Comércio eletrônico (e-commerce)

Dados sobre comércio eletrônico - 2010

Atualizado em 19.8.2010

Os dados abaixo foram publicados em noticiários e órgãos especializados em comércio eletrônico. As fontes estão citadas em cada nota. Para ver os dados de 2006 até hoje, consulte as outras páginas desta seção (ver barra de navegação à esquerda). Ver também Dados sobre o uso da internet no Brasil.

Comércio eletrônico no Brasil

 O tíquete médio das compras onlineno primeiro semestre de 2010 foi de R$ 379,00. As categorias de produtos mais vendidas no 1º semestre do e-commerce em 2010 foram: livros e assinaturas de revistas e jornais, eletrodomésticos, saúde, beleza e medicamentos, informática, eletrônicos (Economia Digital, 22ª edição do Relatório WebShoppers elaborado pela e-bit, com o apoio da Câmara Brasileira de Comércio Eletrônico, camara-e.net)

 O faturamento do comércio eletrônico no primeiro semestre no Brasil foi de R$ 6,7 bilhões, 40% a mais que no primeiro semestre de 2009 (R$ 4,8 bilhões).

Cerca de 55% dos consumidores que fizeram compras online estimulados por redes sociais são mulheres, o que pode indicar que público feminino é mais facilmente seduzido pelas ofertas ou recomendações nesse canal. No comércio eletrônico em geral, a divisão é igual: 50% são homens, 50% mulheres. Em relação  à idade, os compradores provenientes de redes sociais são, em média, sete anos mais jovens  que os do mercado: 34 contra 41. 14% dos consumidores online disseram que começaram, mas acabaram a compra.  (IDGNow, dados da e-bit com apoio da camara e-net, acesso em 12.8.2010)

 A rede Walmart no Brasil pretende dobrar as vendas online de 2009 para 2010, com o aumento da oferta de 10 mil itens em 11 categorias em 2009 para 100 mil itens, em 21 seções até o final de 2010. O Carrefour também se lançou no mercado brasileiro de comércio eletrônico ao colocar no ar o seu portal de comércio eletrônico em 2009. A Nova PontoCom, marca de comércio eletrônico resultaod da associação da Grupo Pão de Açúcar e a Casas Bahia, ameaça assumir a liderança do varejo online no país. Com vendas estimadas em R$ 500 milhões para 2010, a operação ocupa atualmente a segunda posição do segmento no Brasil, atrás apenas de B2W, consórcio formado pela integração de Submarino.com e Lojas Americanas. Passagens aéreas, com destaque para a companhia aérea Gol, e eletroeletrônicos são os produtos mais comprados pela internet no Brasil. (OJornal.net, dados do estudo encomendado pela Visa e realizado pela AméricaEconomía Intelligence, unidade de análises da revista AméricaEconomia, acesso em 18.6.2010)
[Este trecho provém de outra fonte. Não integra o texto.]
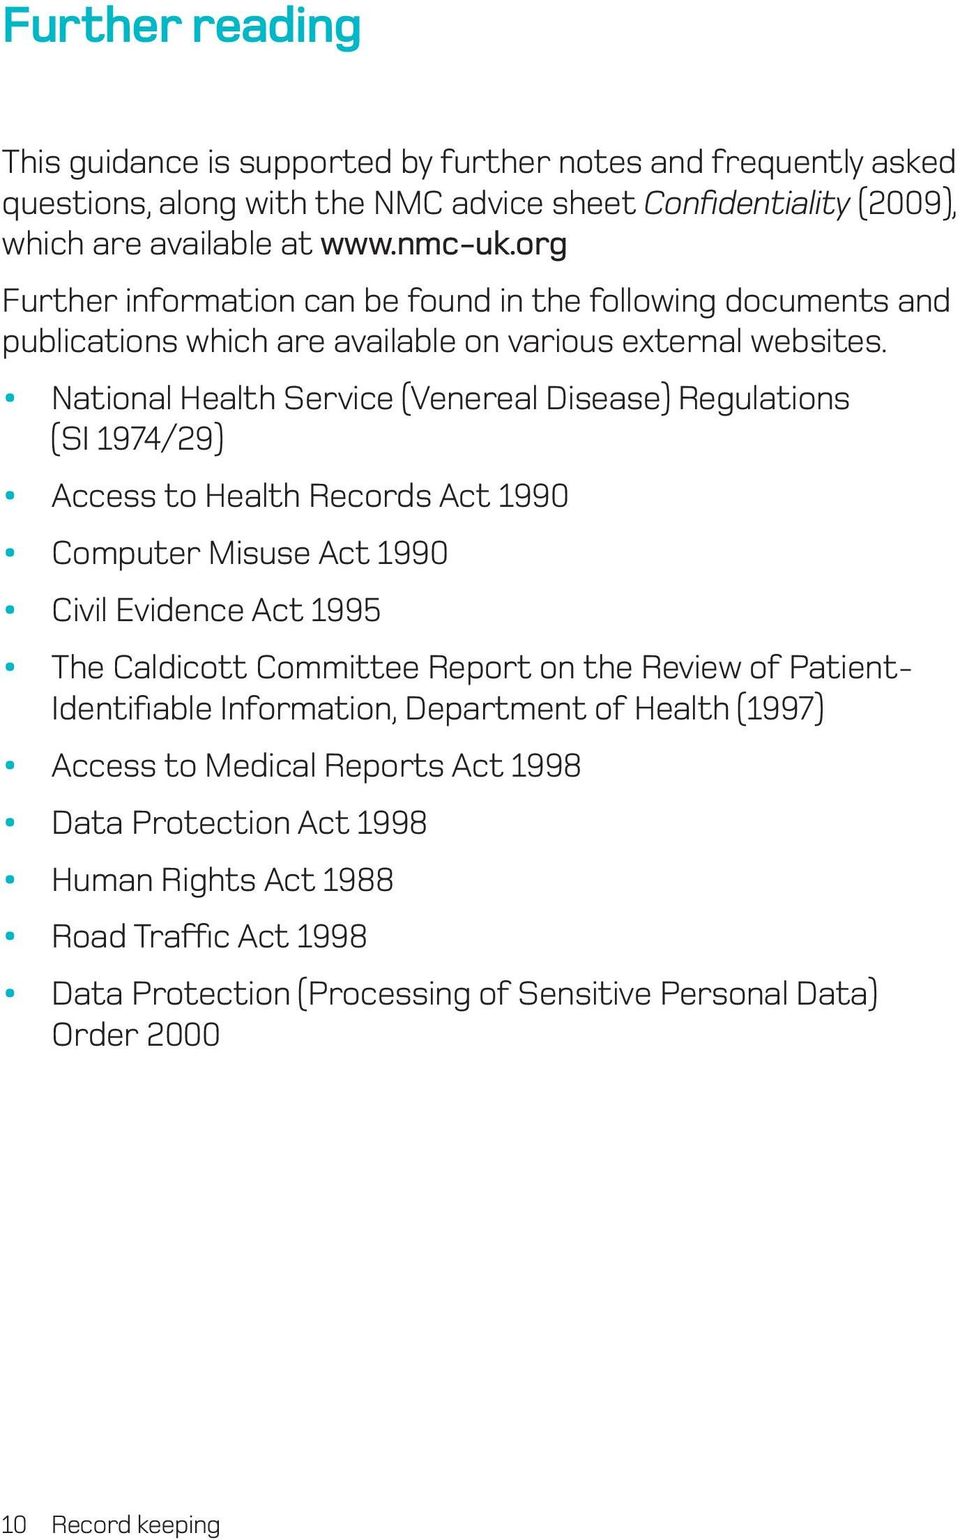 National Health Service (Venereal Disease) Regulations (SI 1974/29) Access to Health Records Act 1990 Computer Misuse Act 1990 Civil Evidence Act 1995 The Caldicott Committee Report on the

A renda média familiar dos consumidores online brasileiros é R$ 3.560,79, ante R$ 1.444,52 dos compradores das lojas físicas. 80% dos consumidores online têm entre 25 e 59 anos, já entre os consumidores off-line 66% estão nesta faixa de idade. (Mundo do Marketing, acesso em 18.6.2010)

Segundo dados apresentados pelo Departamento de Proteção e Defesa do Consumidor, do Ministério da Justiça, de 2004 até janeiro de 2010 o sistema brasileiro de defesa do consumidor havia recebido 21,5 mil reclamações, especialmente por conta da não entrega ou atraso, e que envolveram, principalmente, produtos de informática e computadores, além de celulares. (Convergência Digital, acesso em 19.5.2010)

Comércio eletrônico no mundo

Pesquisa da Econsultancy mostra que marketing para ecommerce depende mais de email que de mídias sociais - mais de um terço dos consumidores dos EUA não usam redes sociais online. 53% acham que informações irrelevantes desvalorizam os emails recebidos; 54% disseram que não deram importância às mensagens porque não viam nenhuma vantagem em recebê-las.

A mesma pesquisa diz que 55% dos consumidores online pesquisados afirmam que um alto índice de valorização por outros cliente aumenta as chances de comprarem um produto. Dois terços das pessoas com menos de 24 anos checaram as mensagens de compras nos seus celulares. Para produtos mais baratos, os homens tendem a consultar mais as resenhas sobre produtos, enquanto as mulheres tendem a participar de conversas online e offline antes de decidir comprar. (Search Engine Watch, acesso em 21.7.2010)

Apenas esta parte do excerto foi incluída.